Percy Miller was a successful businessman and a hobby breeder. In 1914, with half a dozen mares, he decided to try commercial thoroughbred production and purchased the cattle property Kia-Ora from the established Segenhoe Stud, just east of Scone. With manager Bert Riddle he set about developing Kia-Ora as a fully operational horse stud and by 1917 was able to offer two yearlings at the Sydney Easter Sales; the start of a sustained and most remarkable breeding record. In the same year a horse called Magpie ran second in the English 2000 Guineas and eventually came to Australia where he was acquired as a stallion by Percy Miller.

Over the next decade, Magpie became one of Australia's leading sires producing many feature race winners at Kia-Ora including Windbag, Amounis and Talking. This became the pattern at Kia-Ora with a succession of successful sires standing at the stud farm. Most notable of these were Midstream and Delville Wood who also became premiership winning sires and were also responsible for such champions as Shannon, Delta, Hydrogen and Evening Peal.

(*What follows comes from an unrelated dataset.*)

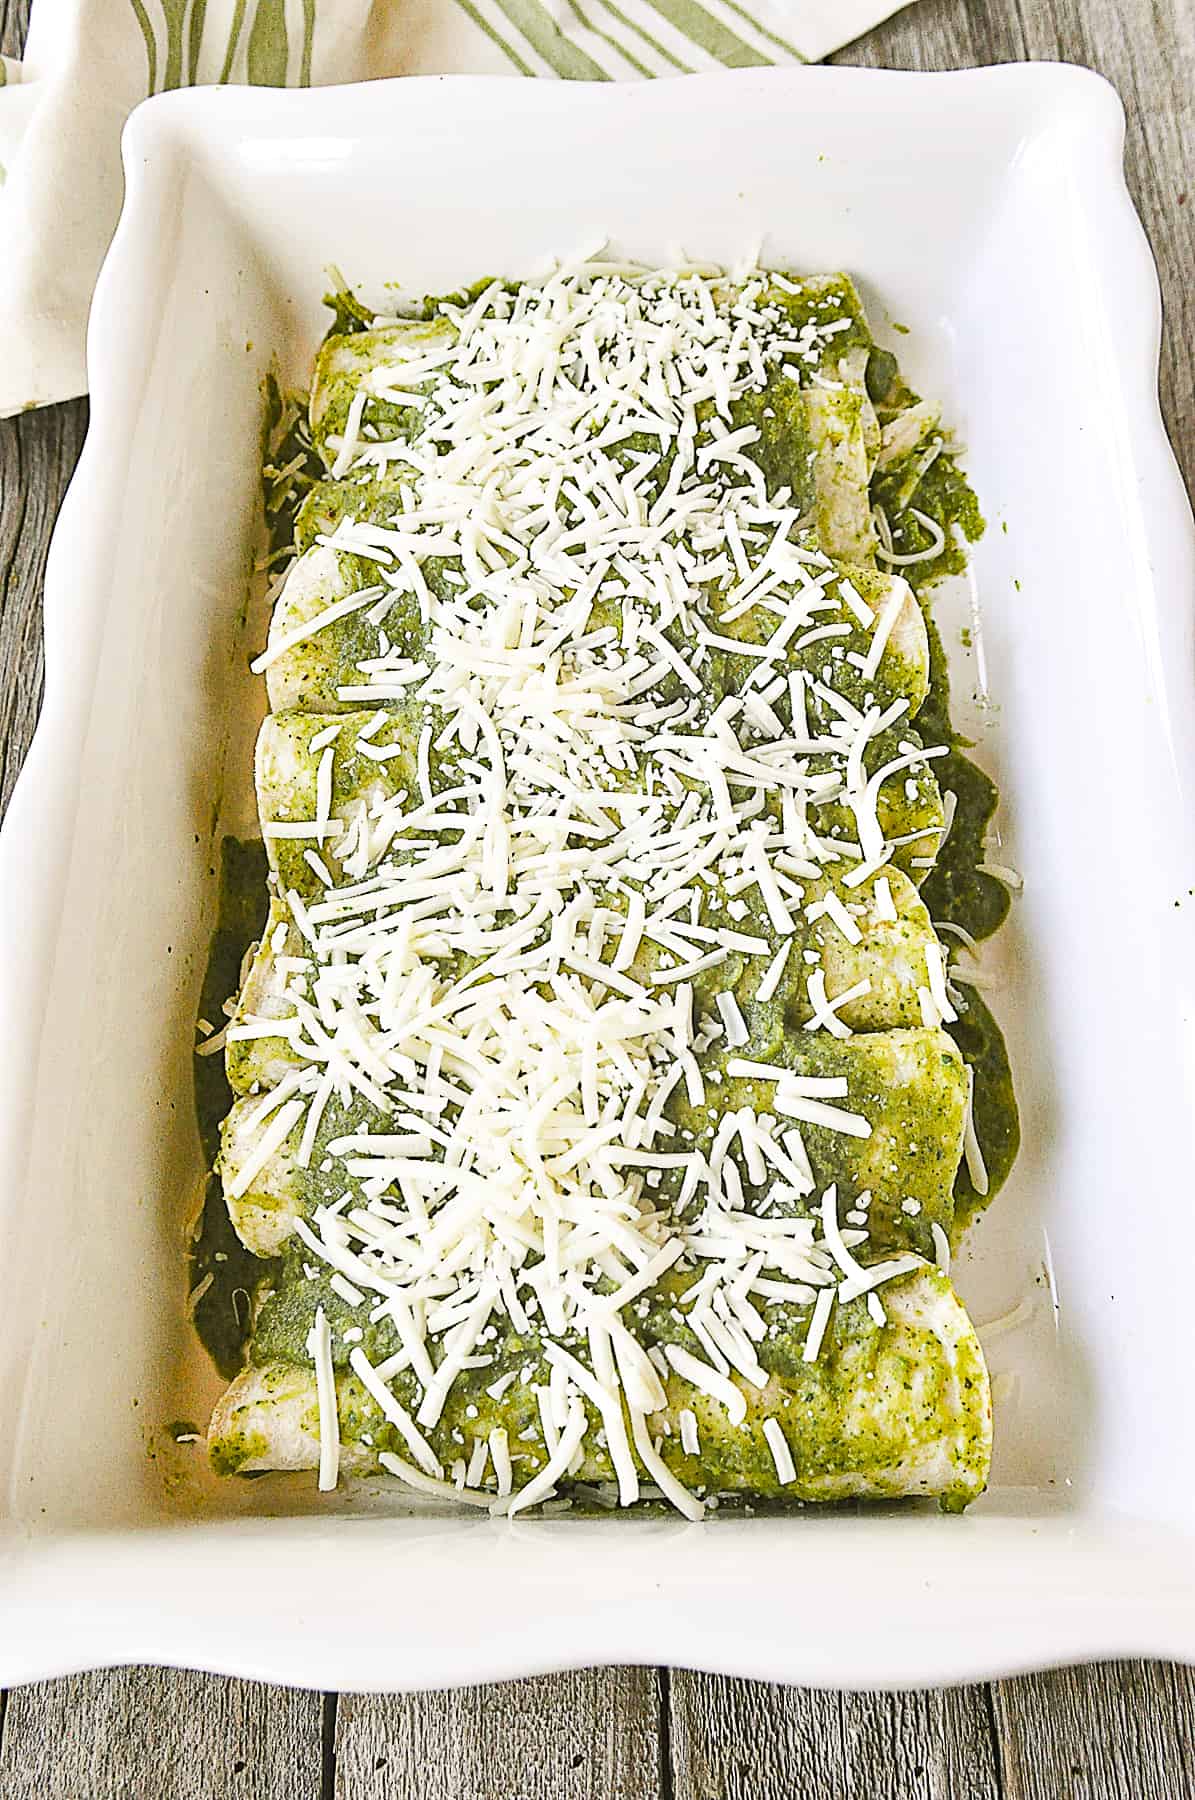 green chili enchiladas rolled up and ready for the oven.

They were to leave a legacy in a superb brand of brood mares, but what was most remarkable about the record of Kia-Ora was the high percentage of winners that came off the property and the huge numbers of well grown yearlings that were sold off the stud.

This number peaked with 105 offered at the 1941 Sydney Easter Sales, taking the total 2,862 yearlings presented for sale between 1917 and 1949. Bert Riddle was the manager through all these years but on his death in 1952, four years after Percy Miller, the stud was cut back by the family and finally dispersed in May 1959.

Miller was inducted into the Hall of Fame in 2008.